» What you need to do
Pictures stay out; please output the remaining data exactly.

───── Provided material

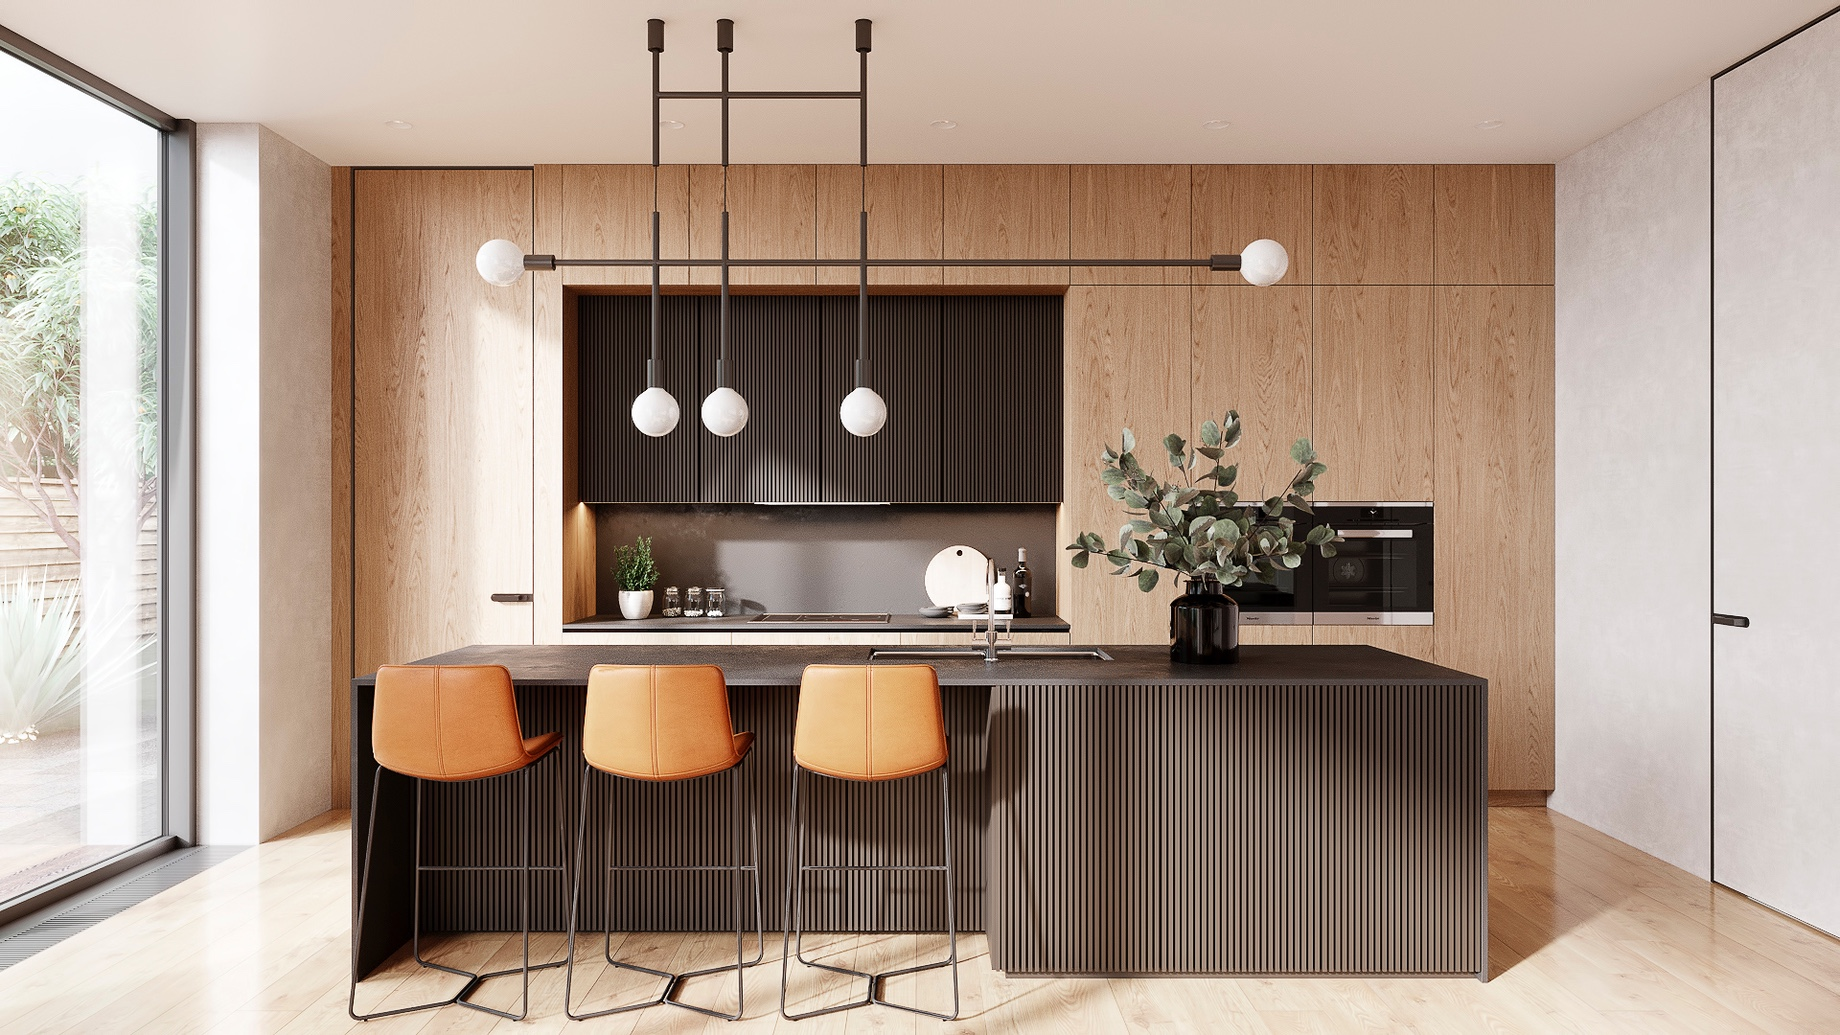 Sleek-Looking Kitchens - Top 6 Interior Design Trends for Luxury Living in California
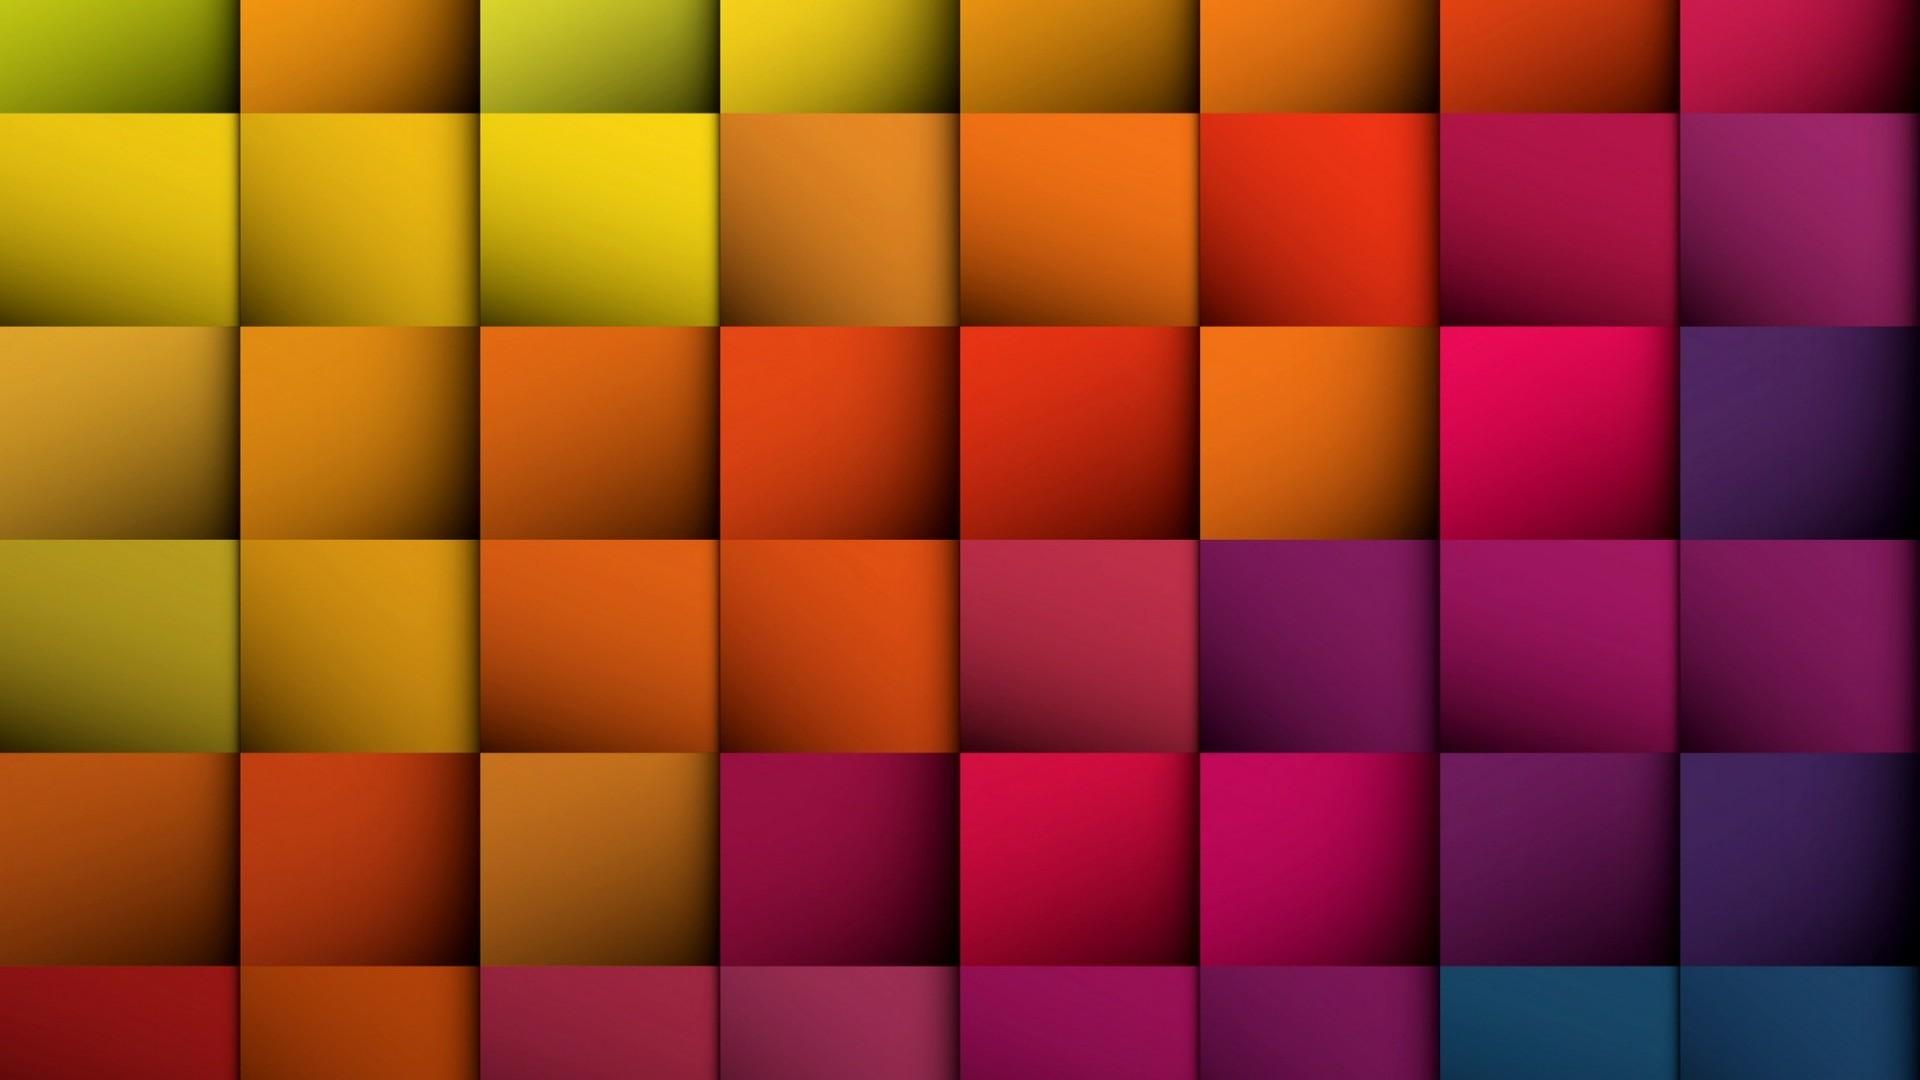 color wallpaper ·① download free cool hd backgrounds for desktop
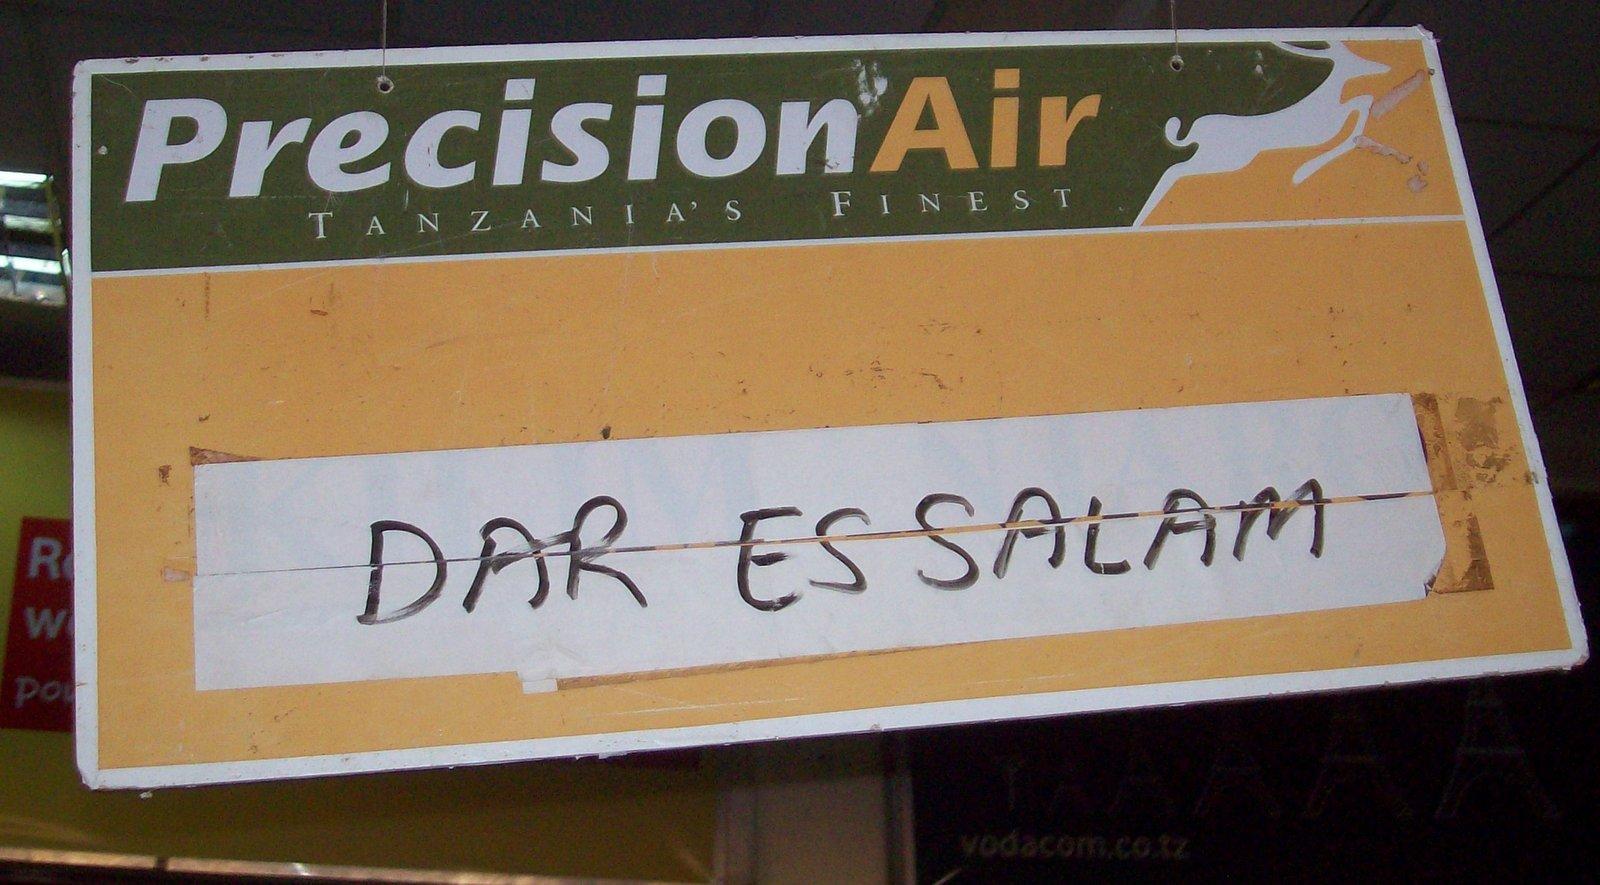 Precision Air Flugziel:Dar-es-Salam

──────────

» Expected answer
 Sleek-Looking Kitchens - Top 6 Interior Design Trends for Luxury Living in California
 color wallpaper ·① download free cool hd backgrounds for desktop
 Precision Air Flugziel:Dar-es-Salam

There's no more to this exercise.